Capitalism thinks technology will buy its way out of this problem … or it fails to acknowledge the problem at all … but the reality is that capitalism is stuck in an endless feedback loop of its own creation, and the only way out is either:

  1. Draconian measures of social injustice to limit human activity (nobody should want this);
  2. Absolute consensus of the entire human population to avoid the need for point 1 above;
  3. Extinction of many more species & likely eventually ourselves, or;
  4. Change the underlying paradigm.

The Solution:

If we run a system like Open Empire, we don’t do this ridiculous and wasteful thing of treating symptoms and manufacturing problems – we just solve problems … and this leaves vastly more resources for everyone and everything else.

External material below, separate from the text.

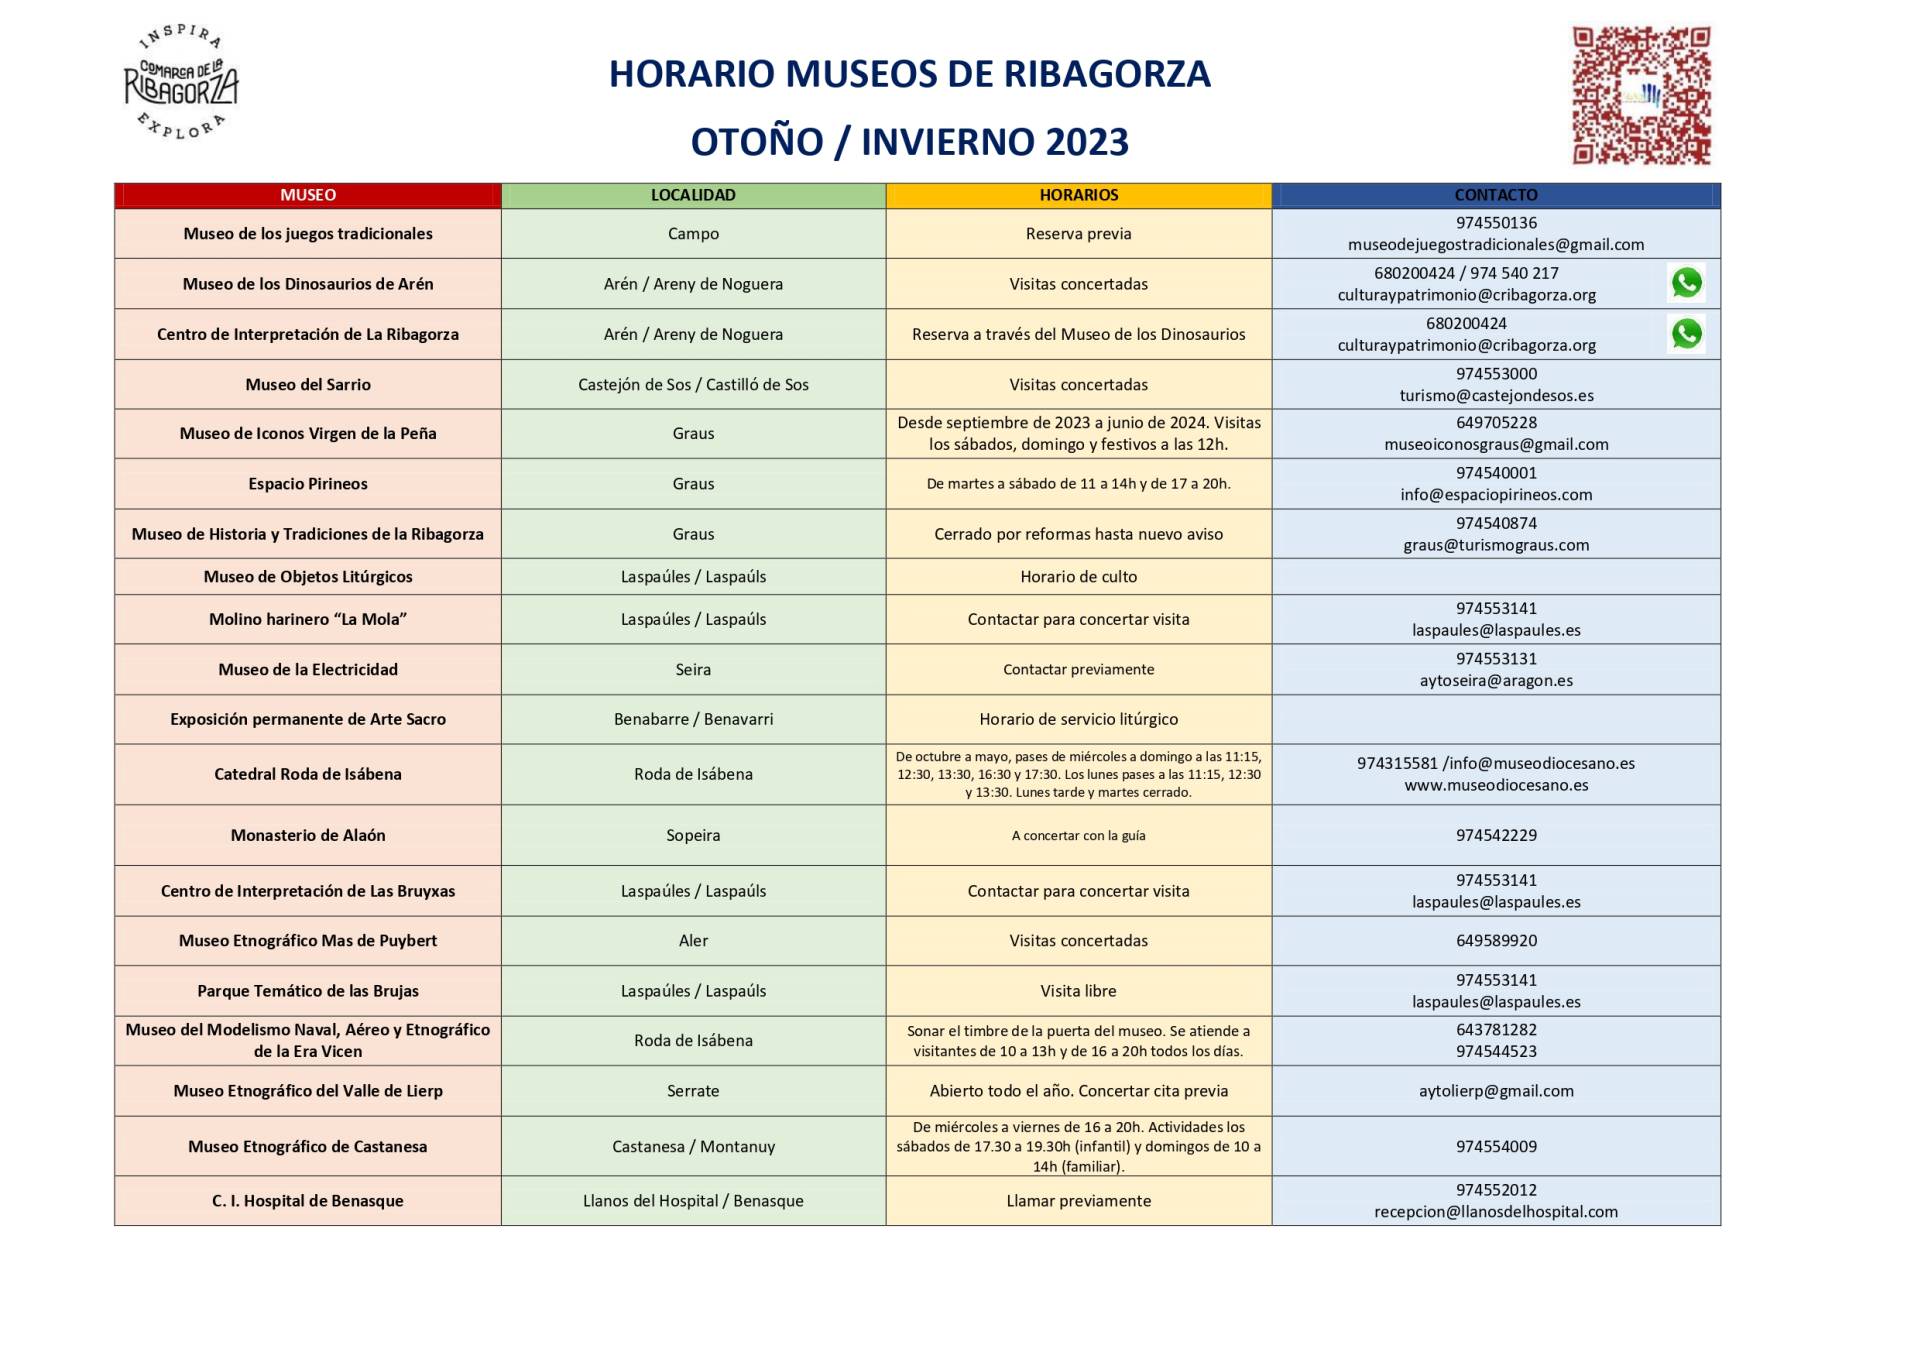 HORARIO DE LOS MUSEOS DE RIBAGORZA OTOÑO / INVIERNO DE 2023

The main differences being as follows:

  • There’s neither need nor reward for manufacturing problems;
  • Manufacturing a problem is to the contrary disincentivised;
  • Causing unintended consequences is also disincentivised, so everyone is encouraged & supported to think & plan;
  • Discovering and identifying real problems is valuable & rewarded EVEN IF you don’t know how to solve them;
  • Someone else solving a problem you discovered is not a disadvantage to either of you, there’s no competition;
  • Multiple solutions to the same problem are more likely to merge when advantageous to the solution, or to remain independent where that is more advantageous, because again competition in this regard does not exist.

Ultimately, the greatest thing you can do within the Open Empire paradigm, is to identify a naturally occurring (not manufactured) large and continuous or periodic problem, and solve it so that it ceases occurring, or its occurrence is minimised, and such that any maintenance of the solution required (if any) requires the minimum thermodynamic input.

You couldn’t get a more diametrically opposed scenario to capitalism if you tried.